7. Historical Comparison & Consistency Analysis

a. Change in Tone Over Time

  • Current call (Q4/FY26): More Optimistic
  • Stronger emphasis on resilience + recoupment and “next decade” confidence.
  • Prior calls
  • Q3FY26 (Jan 2026): optimistic but more focused on ARR scaling and “good base” with less MTM benefit.
  • Q2FY26 (Oct 2025): optimistic with strong market-share gains and ARR growth; also discussed regulatory consultation paper impact as preliminary.
  • Q1FY26 (Jul 2025): very optimistic, milestone-heavy, with less explicit discussion of weak markets/regulatory tightening effects.
  • Shift drivers
  • More explicit handling of weak markets + regulatory tightening in FY26, but management now highlights execution strength and credit rating upgrade.

b. Tracking Past Commitments vs Outcomes

  • Carry income / accrual scaling
  • Prior (Q3FY26): discussed carry accrual methodology and expectation of recurring line item as funds mature.
  • Current (Q4FY26): still no guidance, but CFO references variable returns coming as vintages mature; aligns with prior narrative.
  • Status:Delivered directionally (carry accrual exists; still no quantified forecast).
  • AMC leadership transition / investment team
  • Prior (Q3FY26): leadership transition being evaluated; internal promotions/external hiring.
  • Current: still “evaluating internal vs external… decision soon” → no closure yet.
  • Status:Delayed/ongoing (decision not finalized in this call).
  • Wealth Management market share recovery
  • Prior (Q3FY26/Q2FY26): acknowledged softening in wealth market share due to market volumes; expected medium-term rise.
  • Current: still cautious on ADTO improvement (“as uncertainty subsides”) and SIP market share dip persists.
  • Status:Not fully delivered (some volatility remains).

c. Narrative Shifts

  • MTM framing becomes more prominent in Q4/FY26:
  • Earlier calls discussed treasury volatility as “by design” and separated operating vs treasury.
  • Now they add a stronger “recouped in April” emphasis, suggesting increased sensitivity to MTM optics.
  • Digital broker disruption is addressed more directly in Q4/FY26:
  • Earlier calls focused more on distribution/tech initiatives; Q4 adds explicit competitive threat from fintech/digital brokers and SIP opening behavior.

d. Consistency & Credibility Signals

  • Medium credibility (overall)
  • Strengths: consistent separation of operating profit vs MTM; consistent annuity/mix thesis; consistent explanation of regulatory impacts.
  • Weakness: repeated reliance on qualitative confidence without numeric FY27 commitments; some leadership transition items remain unresolved.

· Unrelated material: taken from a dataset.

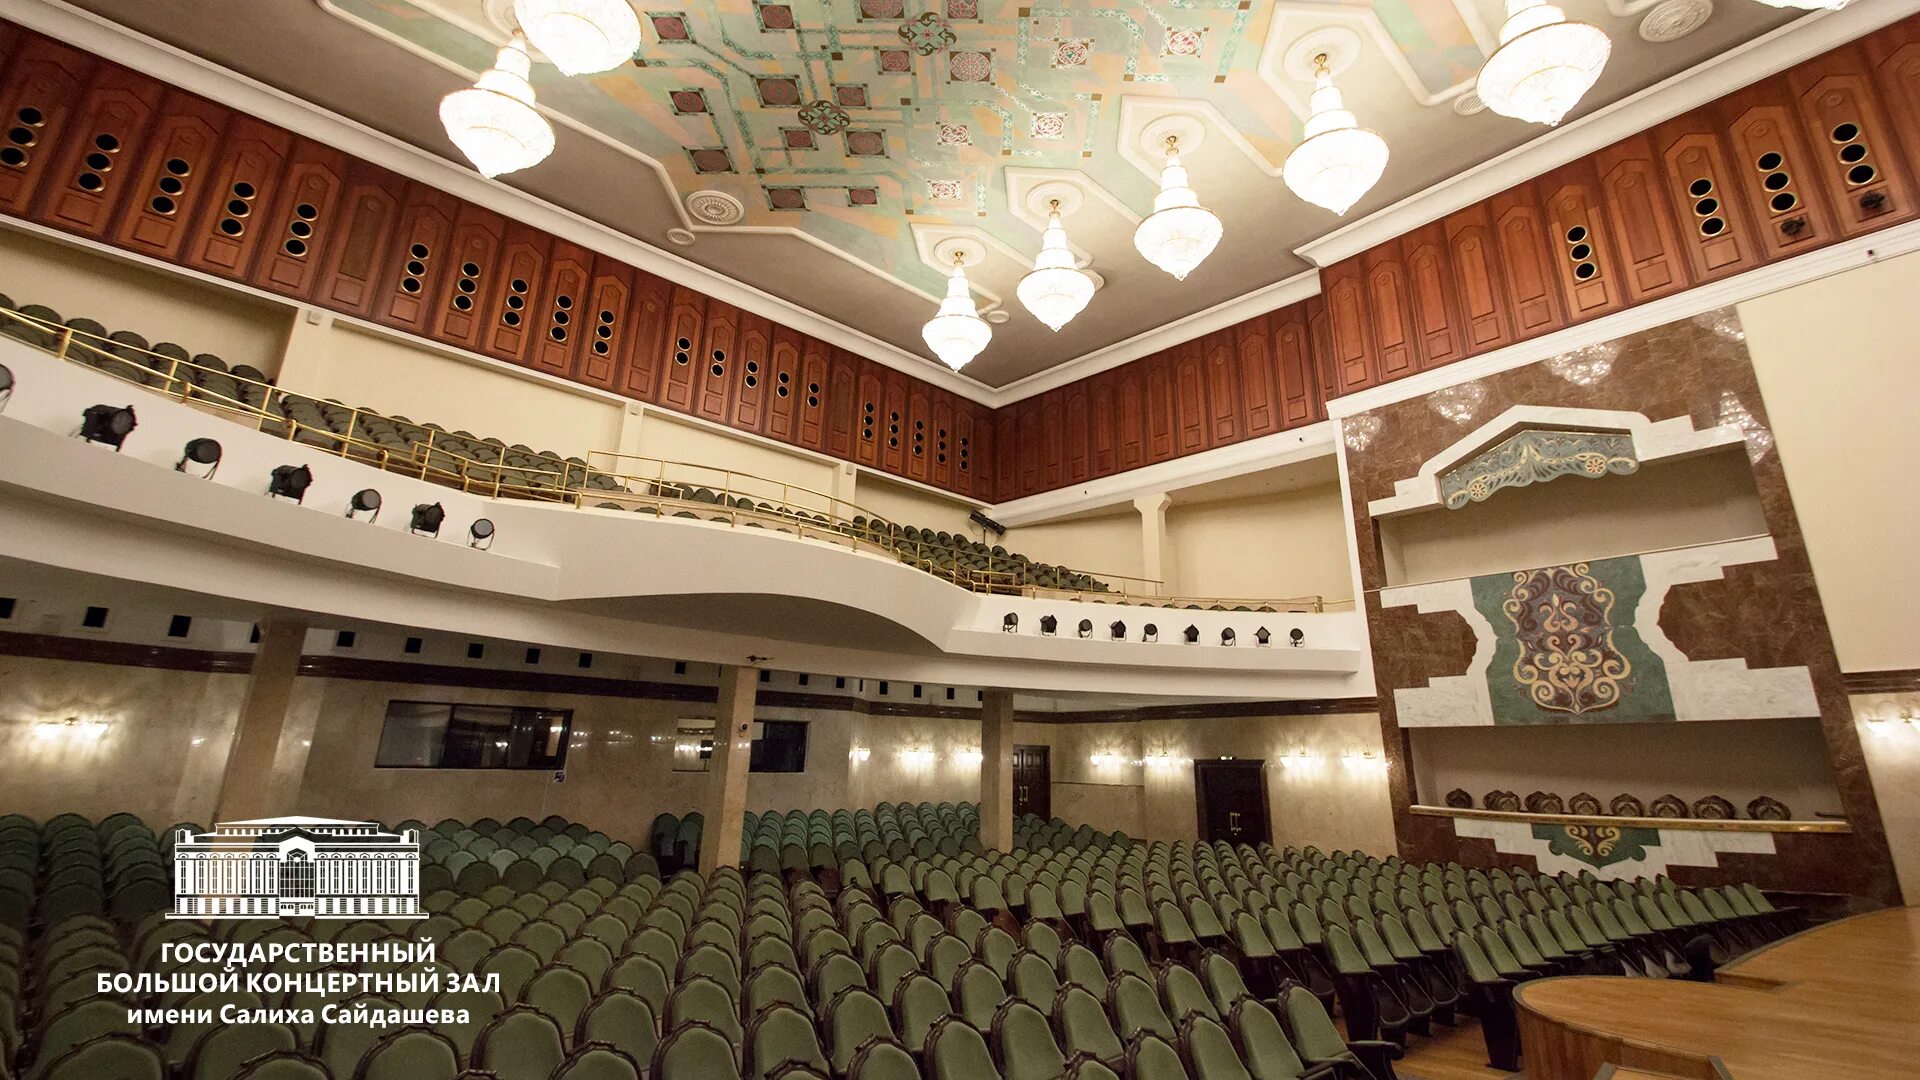 Большой концертный зал салиха сайдашева. Салиха Сайдашева концертный зал. Театр Казань концертный зал Салиха Сайдашева. Камерный зал ГБКЗ Сайдашева. Госуда́рственный большо́й конце́ртный зал и́мени Сали́ха Сайда́шева.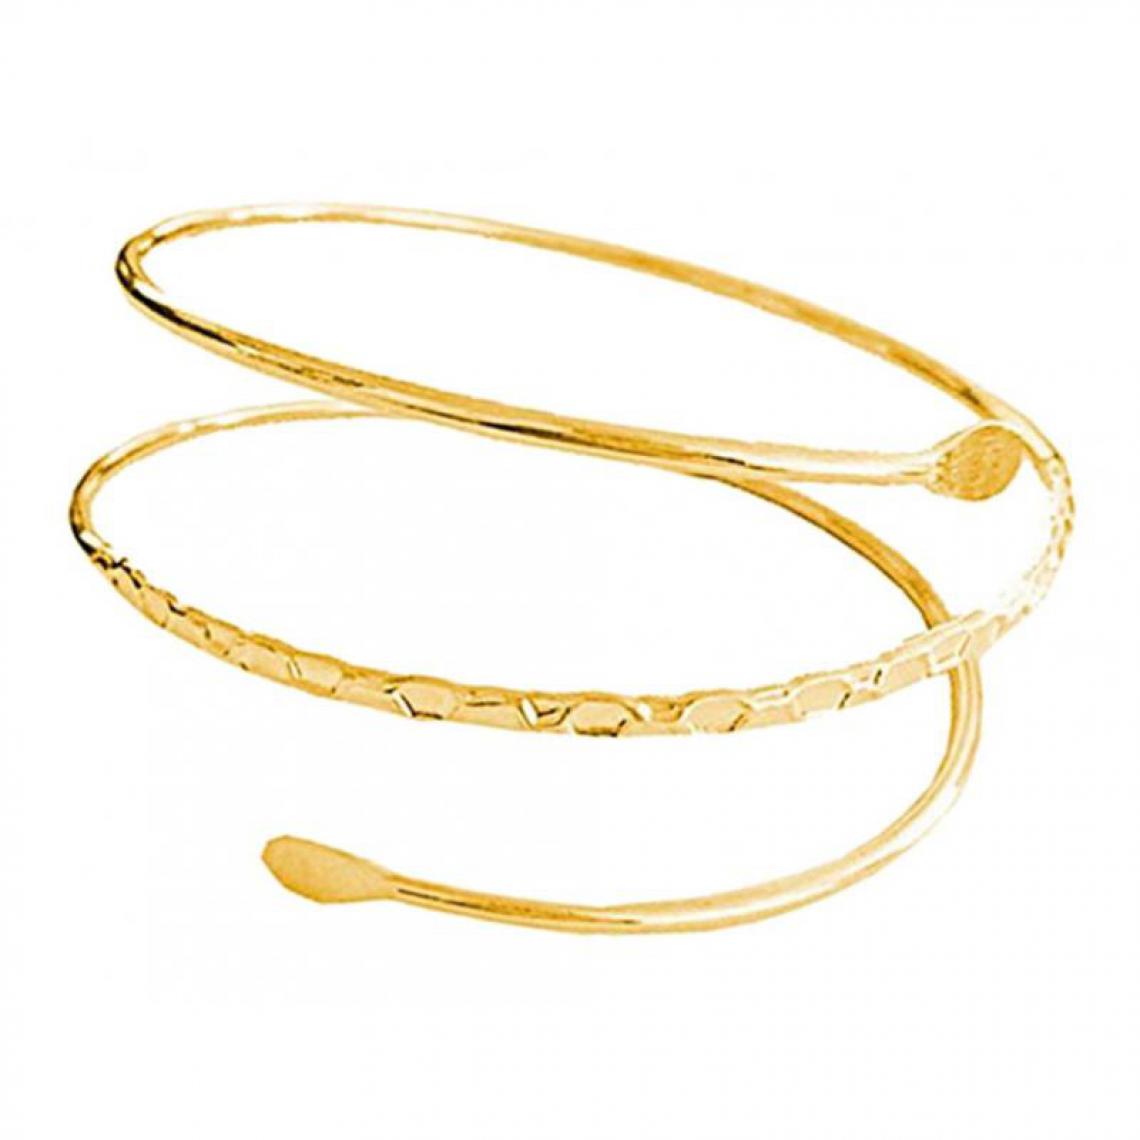 marque generique - Bracelet brassard brassard brassard bracelet doré brassard métal minimaliste - Bracelet connecté

e. Evolution of Key Themes

  • Demand / flows
  • AMC: from strong net flow gains (Q1/Q2/Q3) to quarterly SIP share dip (Q4) explained by product capacity/lockups.
  • Margins
  • Earlier calls emphasized stable/strong margins and cost-to-income improvements; Q4 focuses on other expenses spike and mix effects on yields.
  • Alternates
  • Continues to be positioned as a growing ARR driver; Q4 adds more product pipeline detail (Private Credit + Commercial RE).
  • Regulatory
  • Q2/Q3: consultation paper and F&O changes discussed as headwinds.
  • Q4: more direct linkage to market breadth and MTM/AUM impacts.

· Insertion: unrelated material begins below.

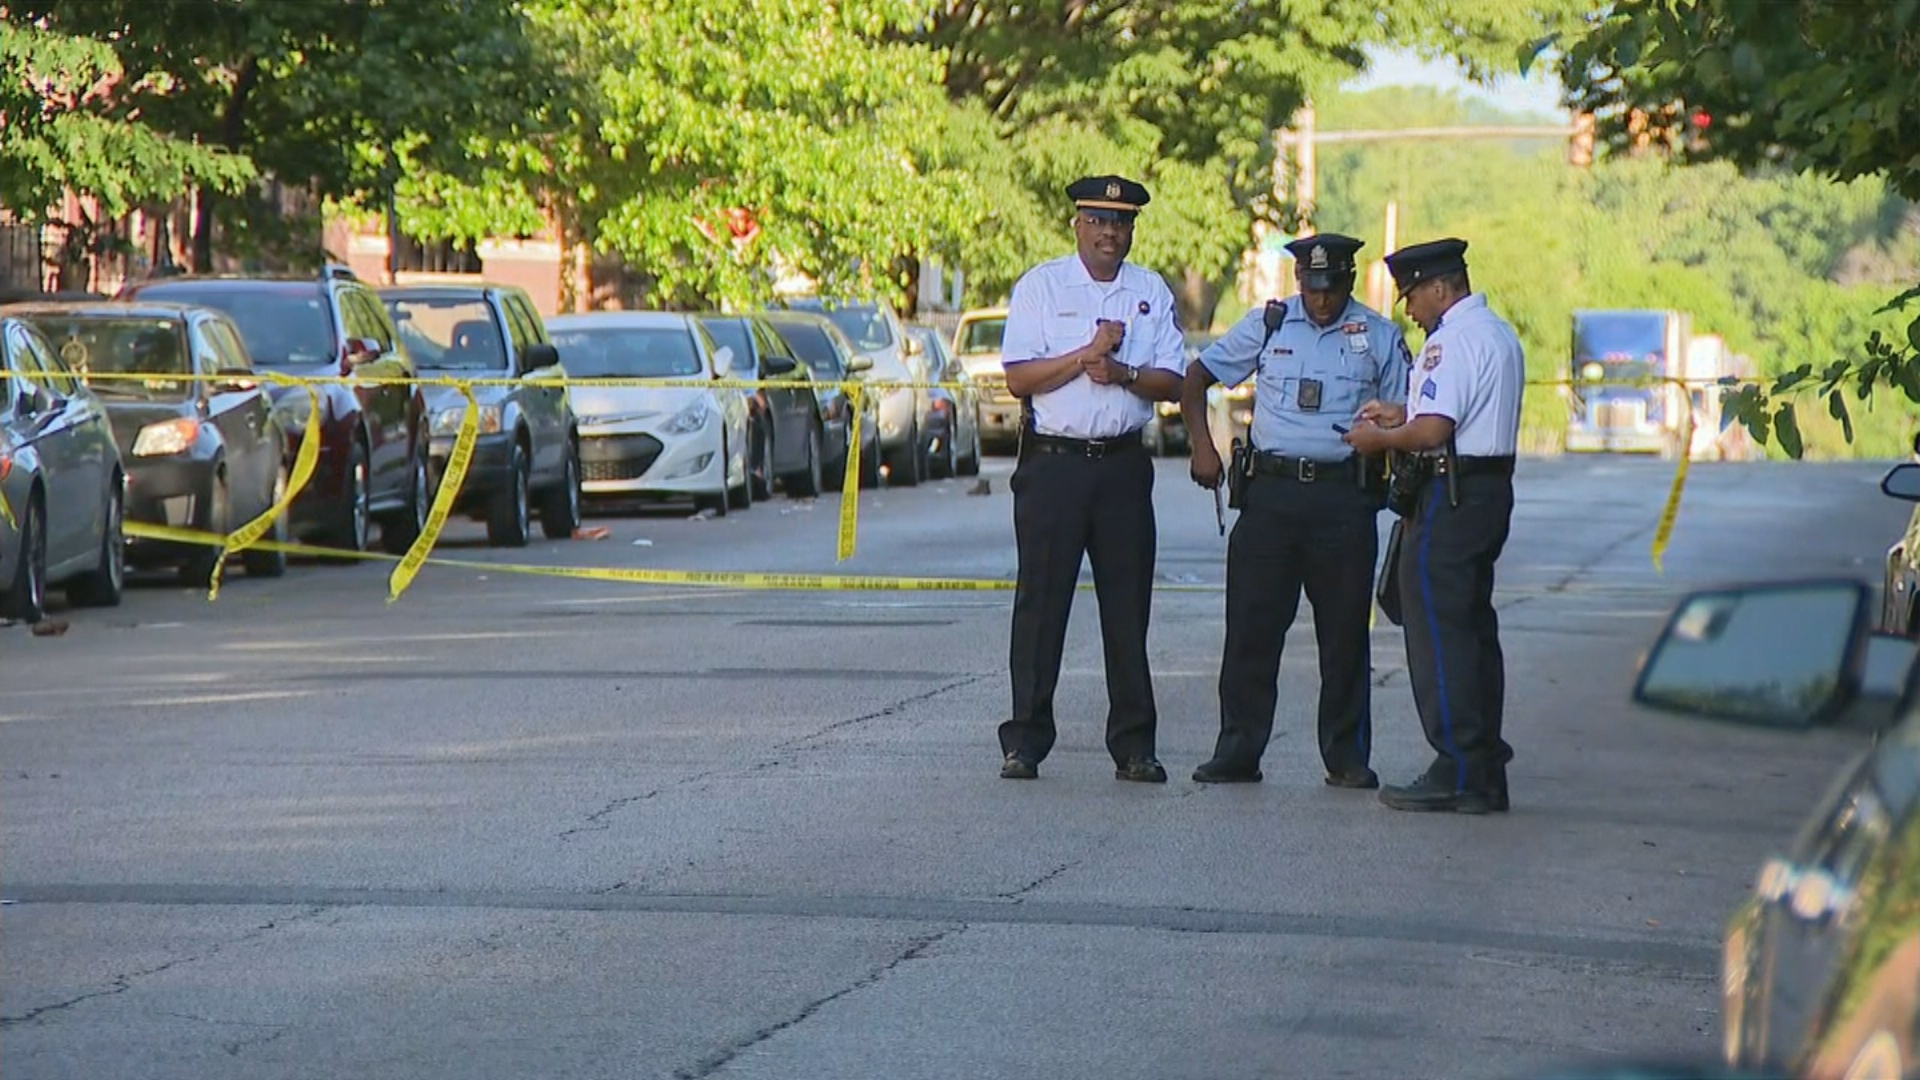 5 separate shootings in Philadelphia leave 2 dead, 6 injured, police say

f. Additional Insights (cross-period)

  • Product “3-year vintage” strategy is now central: Q4 provides more forward-looking vintage crossing counts (Mar’27/Mar’28). This suggests management is leaning on a structural flow engine to offset near-term market volatility.
  • Wealth distribution growth is increasingly used to offset broking cyclicality, but Q4 still shows channel-specific pressures (SIP share dip; ADTO uncertainty), implying the hedge is working but not eliminating volatility.